**ASSIGNMENT:**
From the line containing "Puka Shell (V126-2) - Hexadic Color Palette" to the line containing "Mid Century Danish" in the records below, set down every line exactly as it stands, both ends included, and skip the pictures.
── SOURCE RECORDS
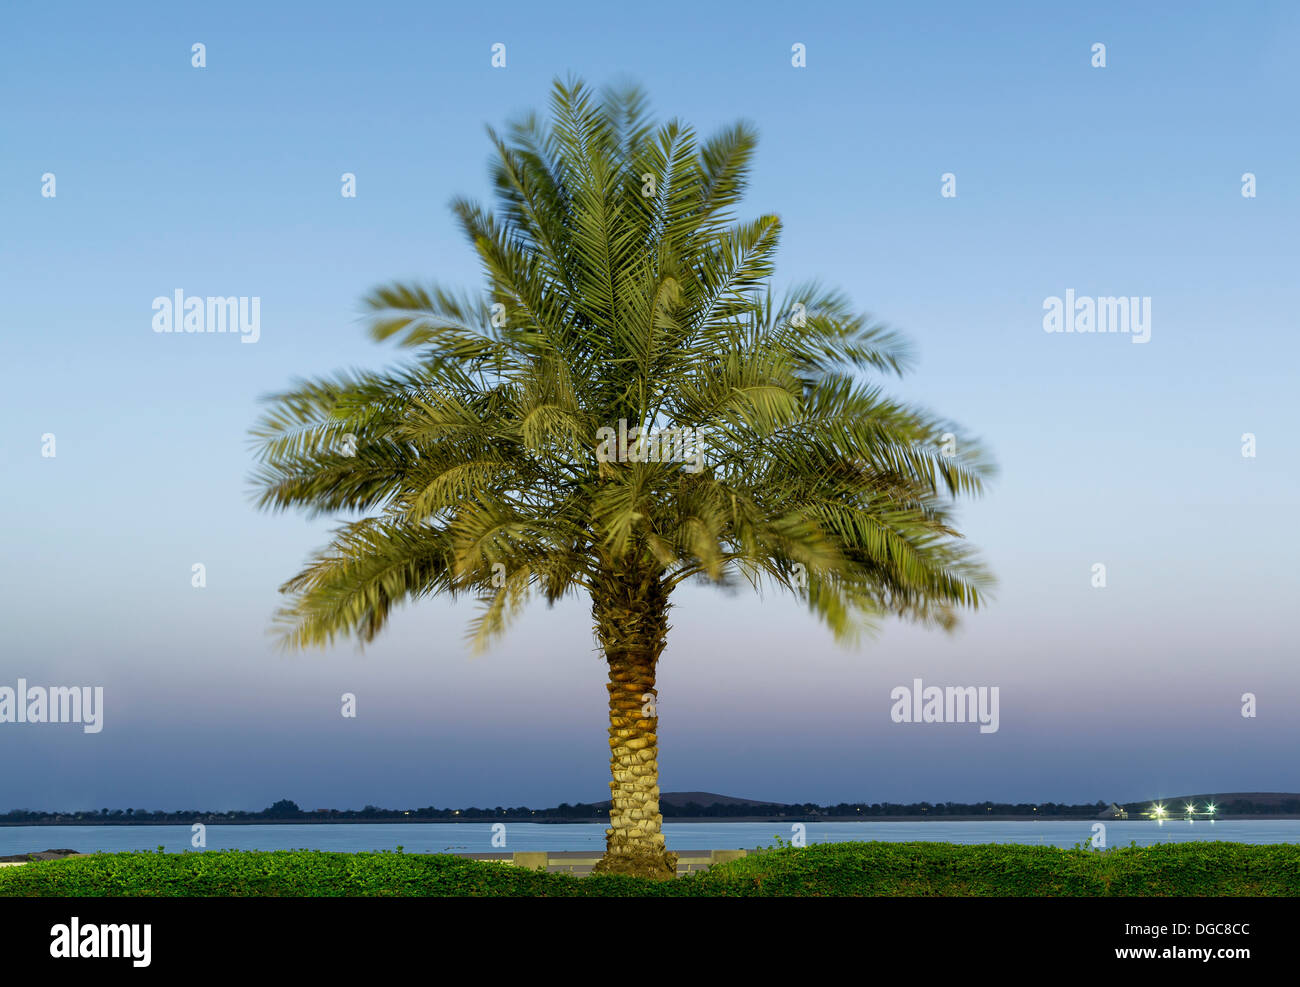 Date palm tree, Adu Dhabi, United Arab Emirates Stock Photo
────
── SOURCE RECORDS
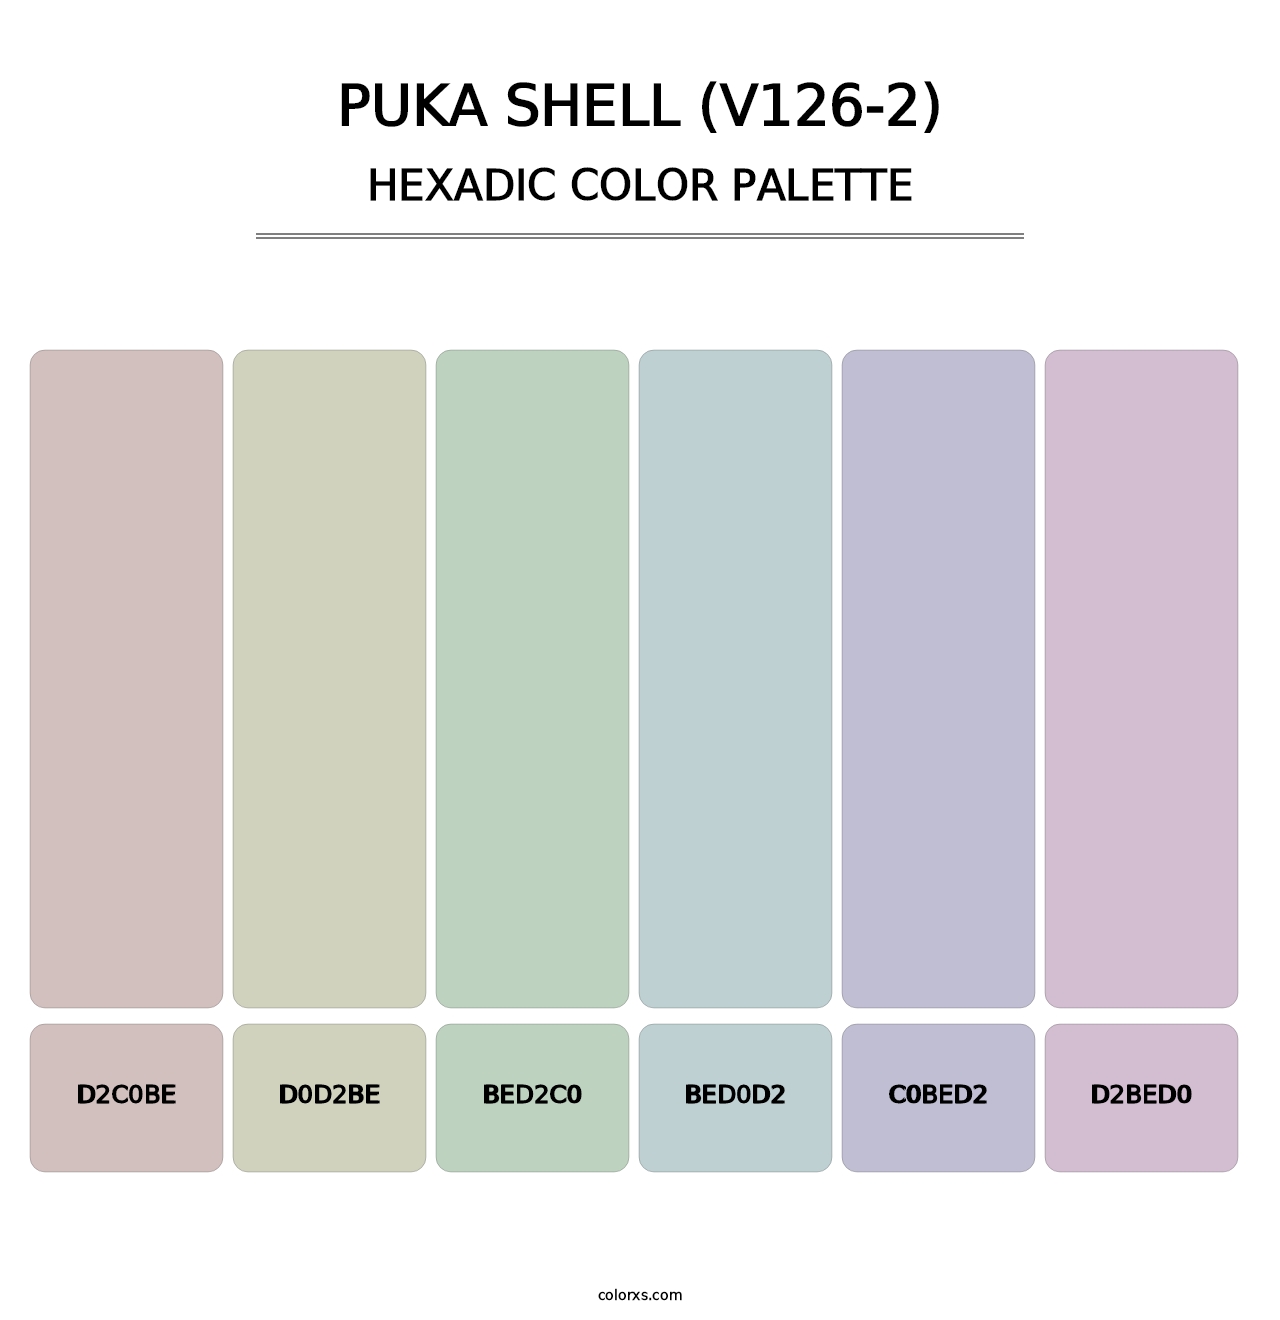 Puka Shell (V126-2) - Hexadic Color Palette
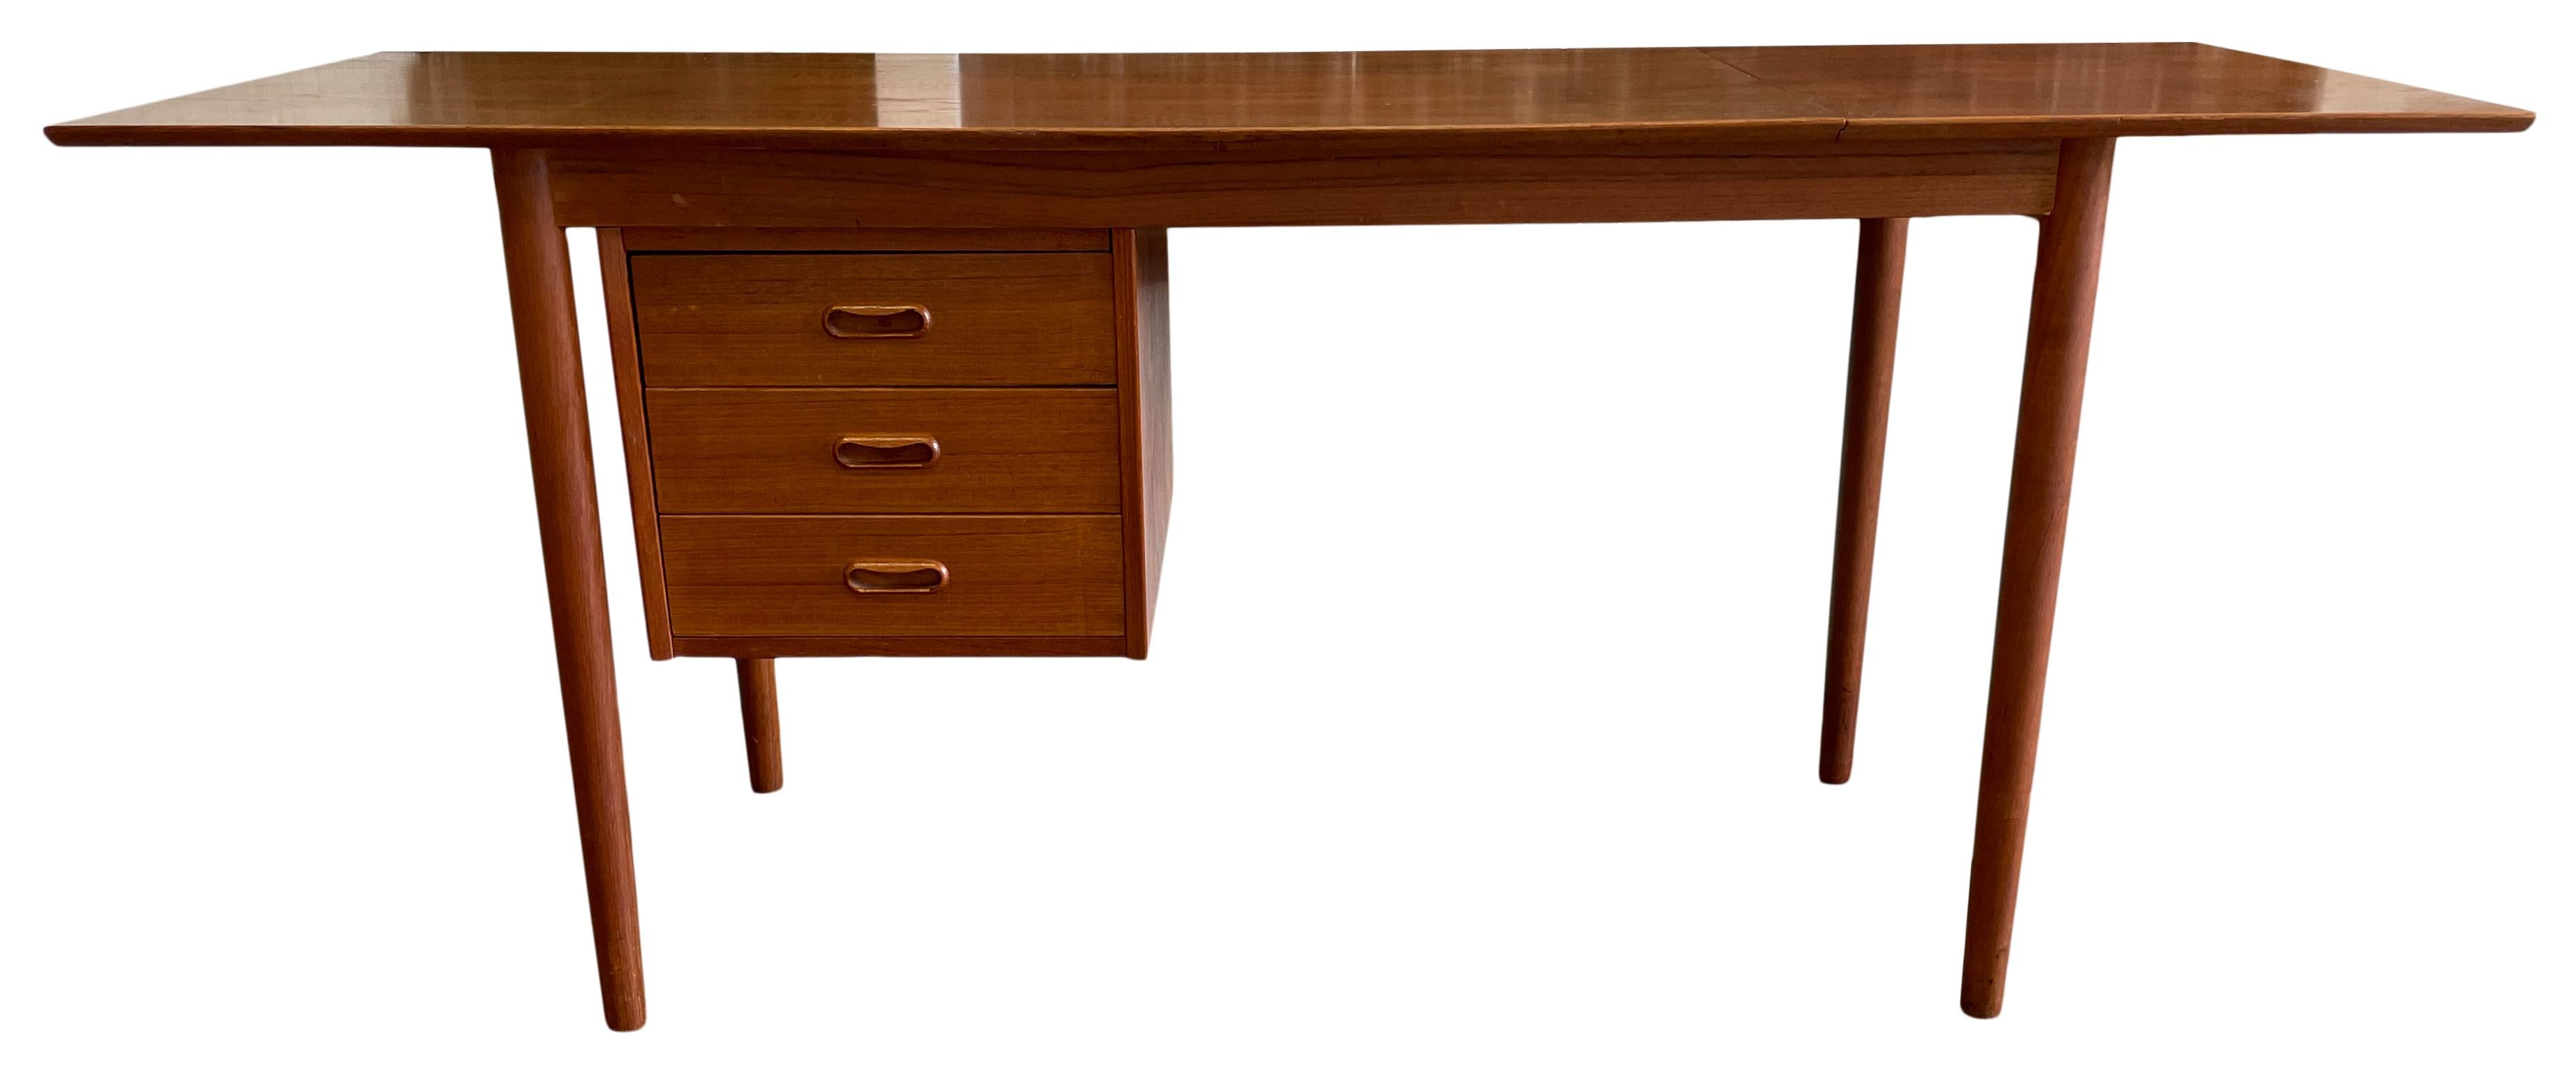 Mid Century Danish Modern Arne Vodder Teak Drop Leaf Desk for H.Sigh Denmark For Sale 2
────
**TASK ANSWER:**
 Puka Shell (V126-2) - Hexadic Color Palette
 Mid Century Danish Modern Arne Vodder Teak Drop Leaf Desk for H.Sigh Denmark For Sale 2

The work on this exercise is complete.